Wang Yuping, Zhang Junfei
School of Statistics, Capital University of Economics and Business, Beijing, China.
School of Statistics and Mathematics, Central University of Finance and Economics, Beijing, China.
PeerJ Comput Sci. 2022 Mar 16;8:e923. doi: 10.7717/peerj-cs.923. eCollection 2022.

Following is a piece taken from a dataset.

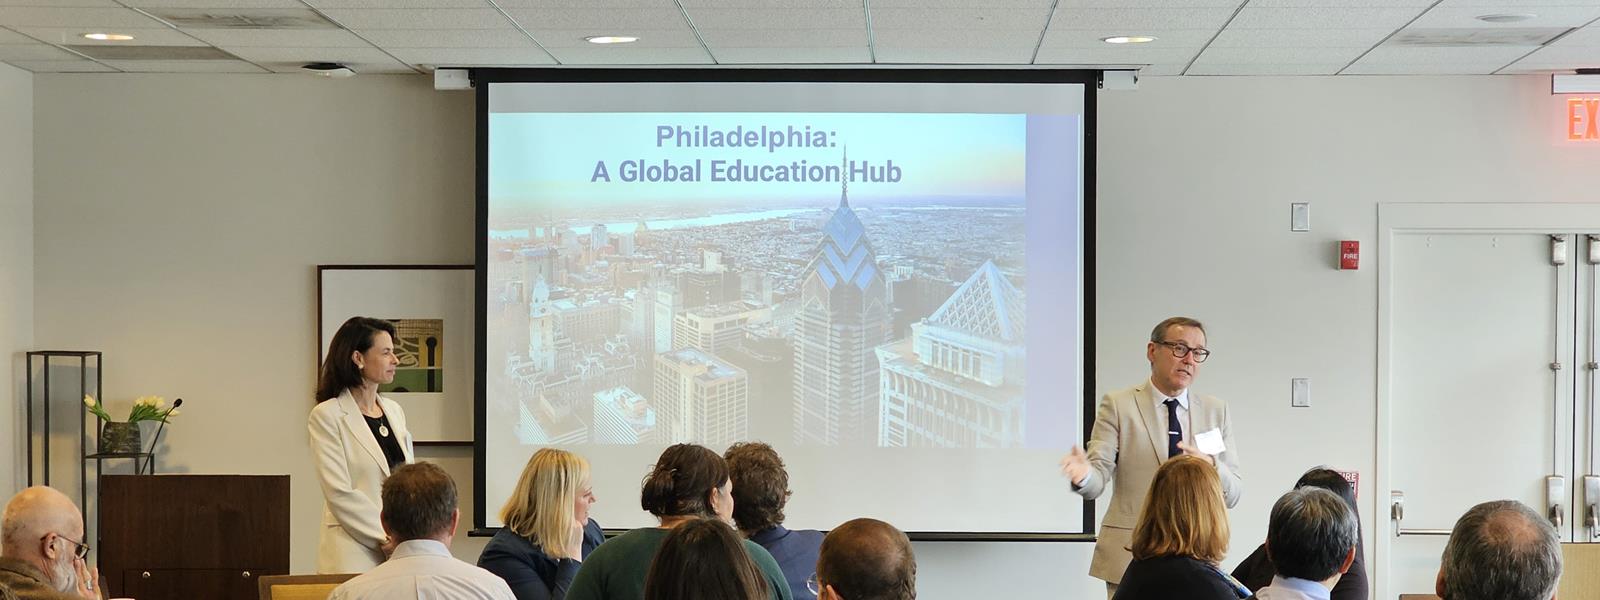 The meeting was led by Drexel University’s Vice Provost of Global Engagement Rogelio Mi&#241;ana, PhD, photographed standing on right at the event, and Vice Provost of Global Engagement at Temple University Emilia Zankina, PhD, standing on left.

It is a challenging problem to classify multi-dimensional data with complex intrinsic geometry inherent, such as human gesture recognition based on videos. In particular, manifold structure is a good way to characterize intrinsic geometry of multi-dimensional data. The recently proposed sparse coding on Grassmann manifold shows high discriminative power in many visual classification tasks. It represents videos on Grassmann manifold using Singular Value Decomposition (SVD) of the data matrix by vectorizing each image in videos, while vectorization destroys the spatial structure of videos. To keep the spatial structure of videos, they can be represented as the form of data tensor. In this paper, we firstly represent human gesture videos on product Grassmann manifold (PGM) by Higher Order Singular Value Decomposition (HOSVD) of data tensor. Each factor manifold characterizes features of human gesture video from different perspectives and can be understood as appearance, horizontal motion and vertical motion of human gesture video respectively. We then propose a weighted sparse coding model on PGM, where weights can be understood as modeling the importance of factor manifolds. Furthermore, we propose an optimization algorithm for learning coding coefficients by embedding each factor Grassmann manifold into symmetric matrices space. Finally, we give a classification algorithm, and experimental results on three public datasets show that our method is competitive to some relevant excellent methods.
对具有复杂内在几何结构的多维数据进行分类是一个具有挑战性的问题,例如基于视频的人体手势识别。特别是,流形结构是表征多维数据内在几何结构的一种好方法。最近提出的格拉斯曼流形上的稀疏编码在许多视觉分类任务中显示出很高的判别能力。它通过对视频中的每个图像进行向量化,利用数据矩阵的奇异值分解(SVD)在格拉斯曼流形上表示视频,而向量化破坏了视频的空间结构。为了保持视频的空间结构,可以将它们表示为数据张量的形式。在本文中,我们首先通过数据张量的高阶奇异值分解(HOSVD)在乘积格拉斯曼流形(PGM)上表示人体手势视频。每个因子流形从不同角度表征人体手势视频的特征,分别可以理解为人体手势视频的外观、水平运动和垂直运动。然后,我们在PGM上提出了一种加权稀疏编码模型,其中权重可以理解为对因子流形重要性的建模。此外,我们提出了一种通过将每个因子格拉斯曼流形嵌入对称矩阵空间来学习编码系数的优化算法。最后,我们给出了一种分类算法,在三个公共数据集上的实验结果表明,我们的方法与一些相关的优秀方法相比具有竞争力。